Man wird ja nicht jünger. Diese zwar nicht neue, aber dennoch reichlich unerfreuliche Erkenntnis drängte sich mir immer wieder besonders dann auf, wenn ich meine Fotoausrüstung für eine Wanderung zusammenstellte. Der Fotograf in mir wollte gerne noch dieses oder jenes Objektiv einpacken, um für alle Fälle gerüstet zu sein. Der Wanderer hingegen wehrte sich dagegen mit Händen und Füßen, weil er wusste, wie sehr ihn der schwere Fotorucksack belasten, wie gründlich er ihm die Wanderung verleiden würde.

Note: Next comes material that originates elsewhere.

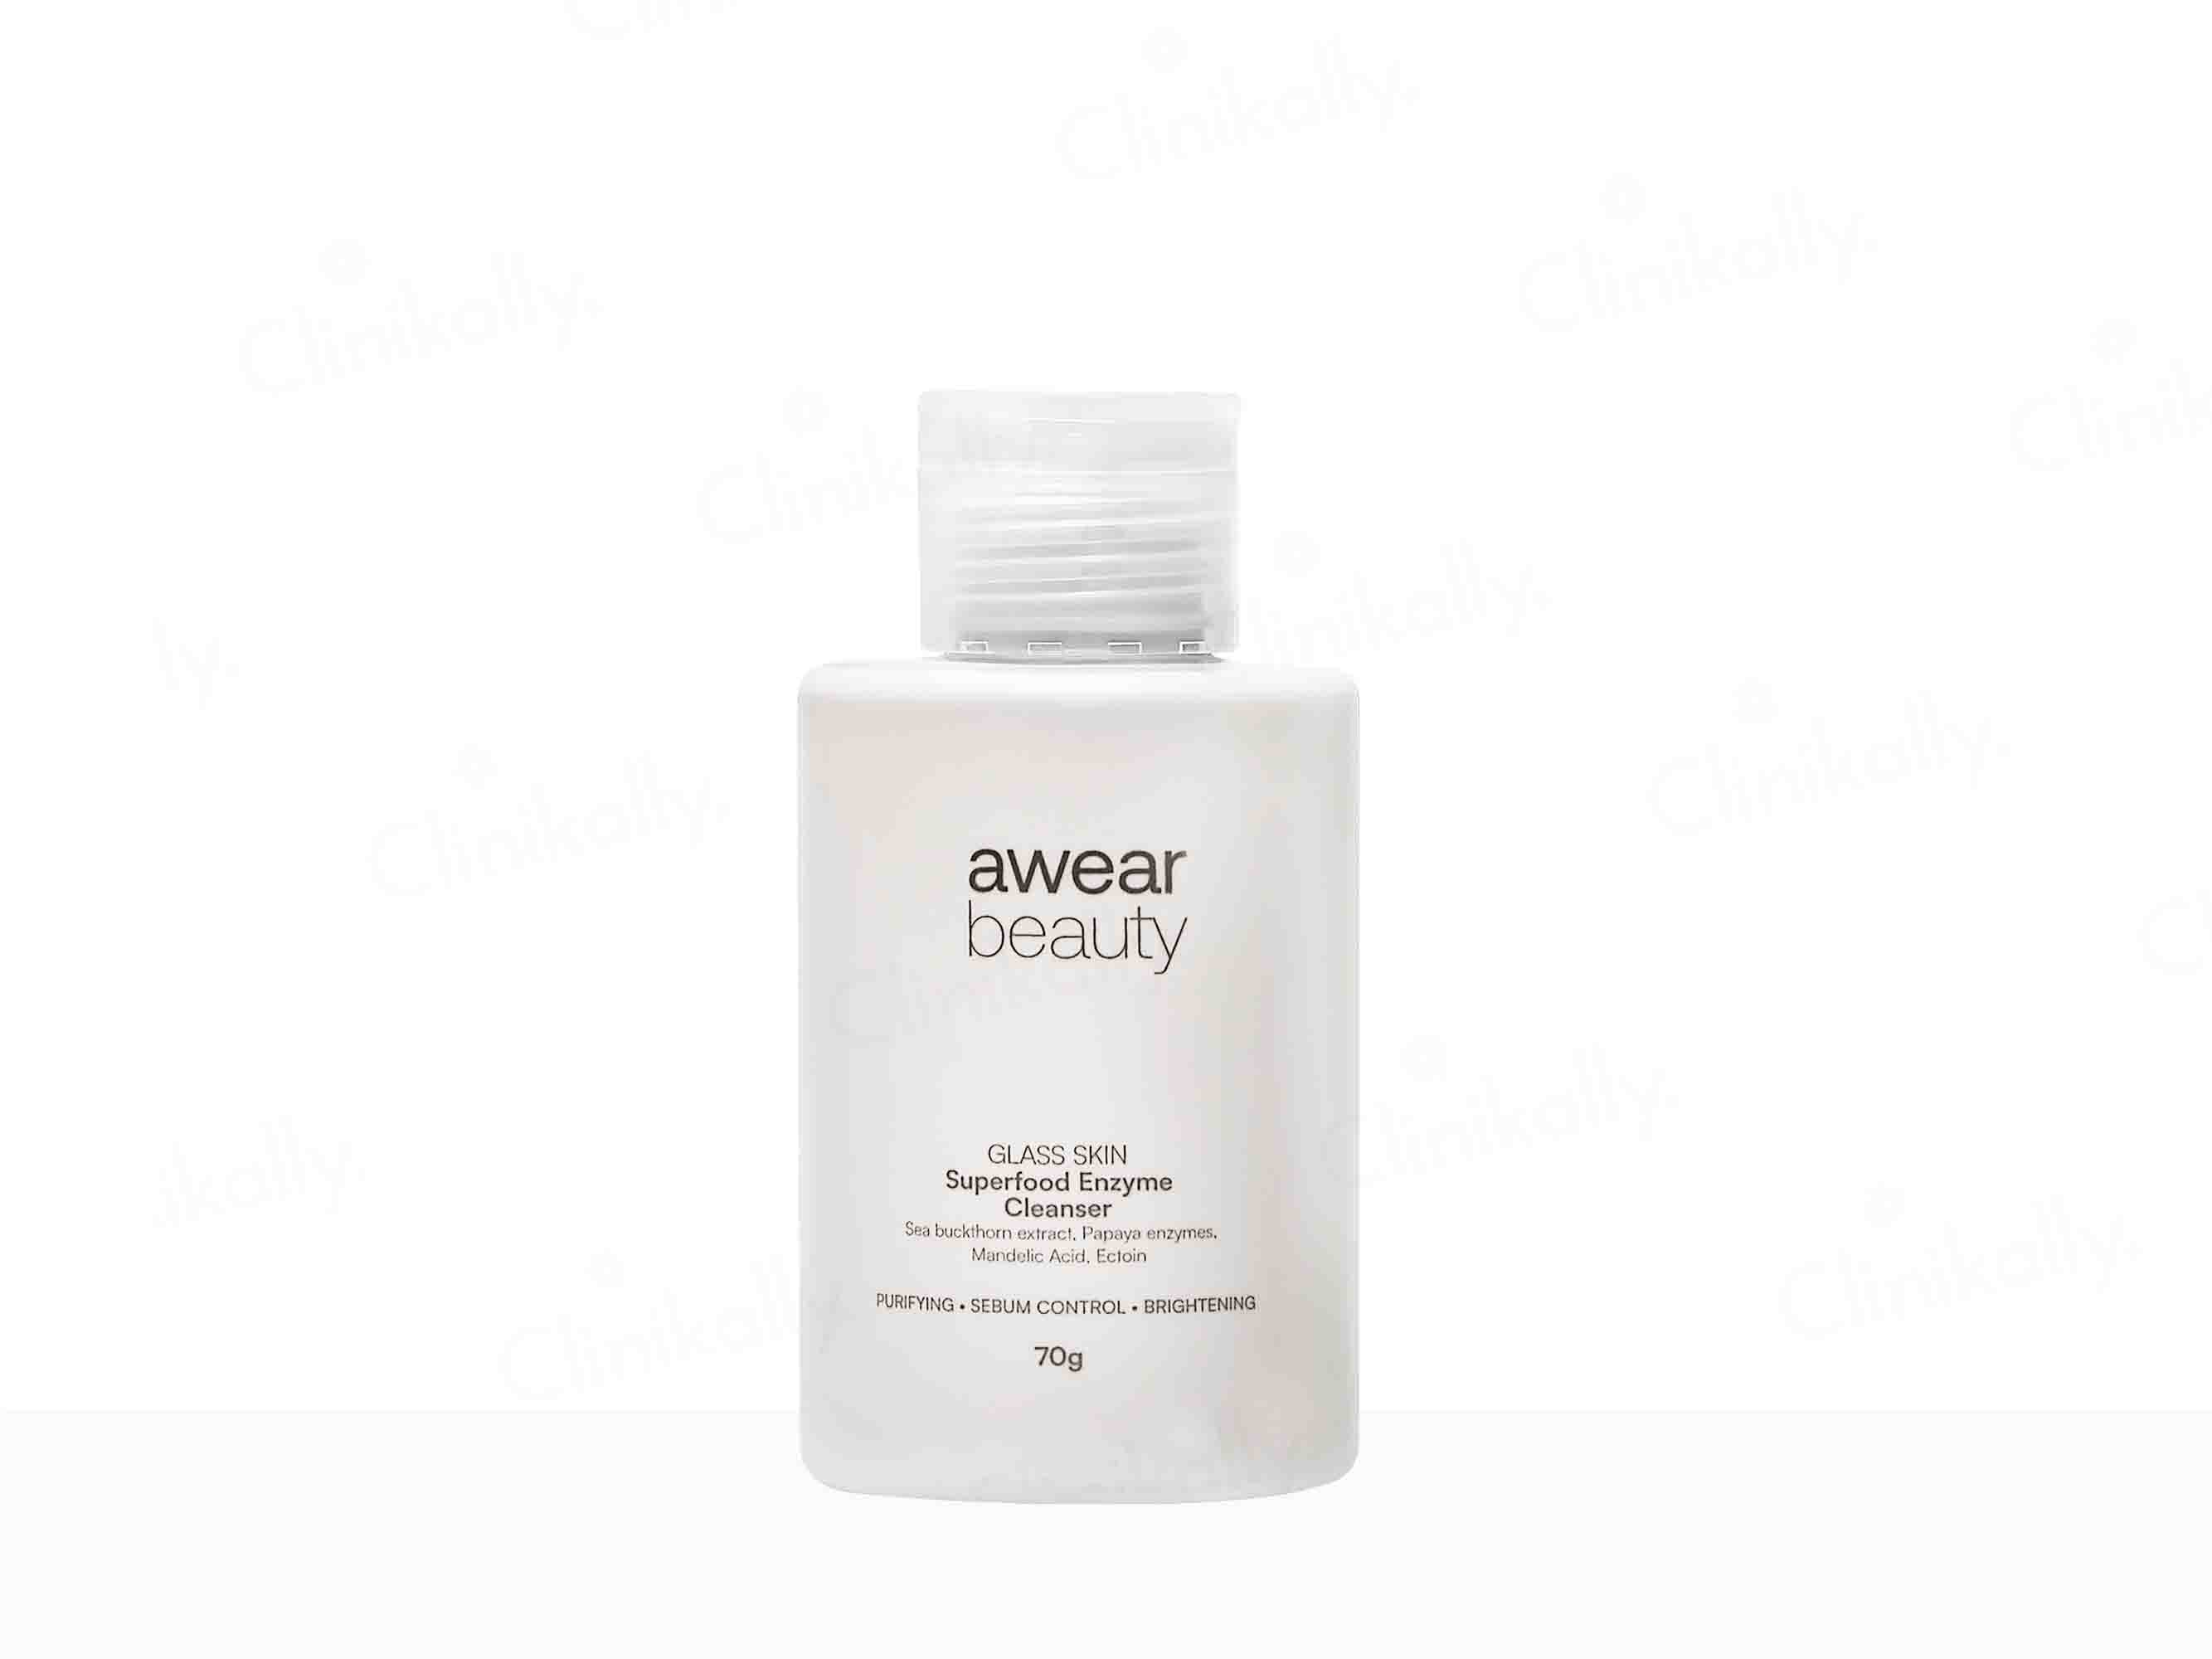 Awear Beauty Glass Skin Superfood Enzyme Cleanser

Als ich vor einigen Jahren mein früheres, aber lange nicht mehr ausgeübtes Hobby Naturfotografie wieder aufnahm, entschied ich mich, mit einer Nikon-DSLR zu starten. Der Grund dafür war weniger die Kamera als vielmehr die Verfügbarkeit eines 4.0/200-400 mm Zoomobjektivs. Für Canon gab es das zu der Zeit noch nicht. Mir schien es aber das ideale Objektiv für die Tierfotografie zu sein. Schnell hatte ich mich an die Bedienung meiner Nikon gewöhnt, und so griff ich auch bei meiner nächsten Kamera wieder zu einer Nikon. Zuletzt hatte ich bis vor etwa zwei Jahren die Nikon D750. Zusammen mit den für meine Art der Naturfotografie brauchbarsten Objektiven (2.8/24-70 mm, 2.8/70-200 mm, 4.0/200-400 mm, 2.8/105 mm Micro, 4.0/300 mm PF, dazu noch ein 1.7-fach Telekonverter) war das in meinen Augen eine exzellente Ausrüstung. Fotografisch blieben da für mich kaum Wünsche offen. Lediglich mit einem Ultraweitwinkel hatte ich noch ein wenig geliebäugelt.

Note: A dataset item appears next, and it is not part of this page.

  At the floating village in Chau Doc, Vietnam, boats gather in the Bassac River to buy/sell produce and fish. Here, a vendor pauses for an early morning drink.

Aber, wie gesagt, man wird eben nicht jünger. Immer öfter ertappte ich mich dabei, dass ich mein schweres 200-400 mm Zoom zu Hause ließ. Stattdessen nahm ich dann die wesentlich leichtere 300 mm Festbrennweite mit. Dieses innovative Tele hatte ich mir sofort gekauft, als Nikon es auf den Markt brachte. Es ist ohne Zweifel eine tolle Linse, dabei relativ klein und leicht. Aber natürlich bietet es nicht die Flexibilität und weniger Tele als das 200-400 mm. Auf den Kauf eines Ultraweitwinkels verzichtete ich ganz. Das klobige Teil wollte ich wahrlich nicht auch noch schleppen.
Bei gelegentlichen Flugreisen fiel es mir von Mal zu Mal schwerer, jenes Maß an Charme zu entwickeln, das notwendig war, damit man beim Check-in angesichts des heftigen Übergewichts meines Handgepäcks ein Auge zudrückte. Ob dafür die immer strengeren Gepäckvorgaben der Fluglinien oder mein mit den Jahren nachlassender Charme verantwortlich waren, das will ich lieber gar nicht so genau wissen.
Mit meiner Olympus kam die Freude an der Naturfotografie zurück
So allmählich begann ich jedenfalls, einen Systemwechsel ins Auge zu fassen. Versprachen nicht die Hersteller spiegelloser Kameras eine deutliche Gewichtseinsparung? Nun, im Vollformatbereich (in den ich mit meiner D750 ja „aufgestiegen“ war), gab es da im Prinzip neben Leica (weder preislich noch von der Handhabung meine Welt) nur noch Sony. Mit einer Sony hätte ich mich, so mein erster Eindruck, wohl anfreunden können. Welche Enttäuschung aber bei näherer Betrachtung: Kamera tatsächlich etwas leichter, Objektive aber praktisch ebenso schwer. Nach einer spürbaren Gewichtsersparnis sah das leider ganz und gar nicht aus.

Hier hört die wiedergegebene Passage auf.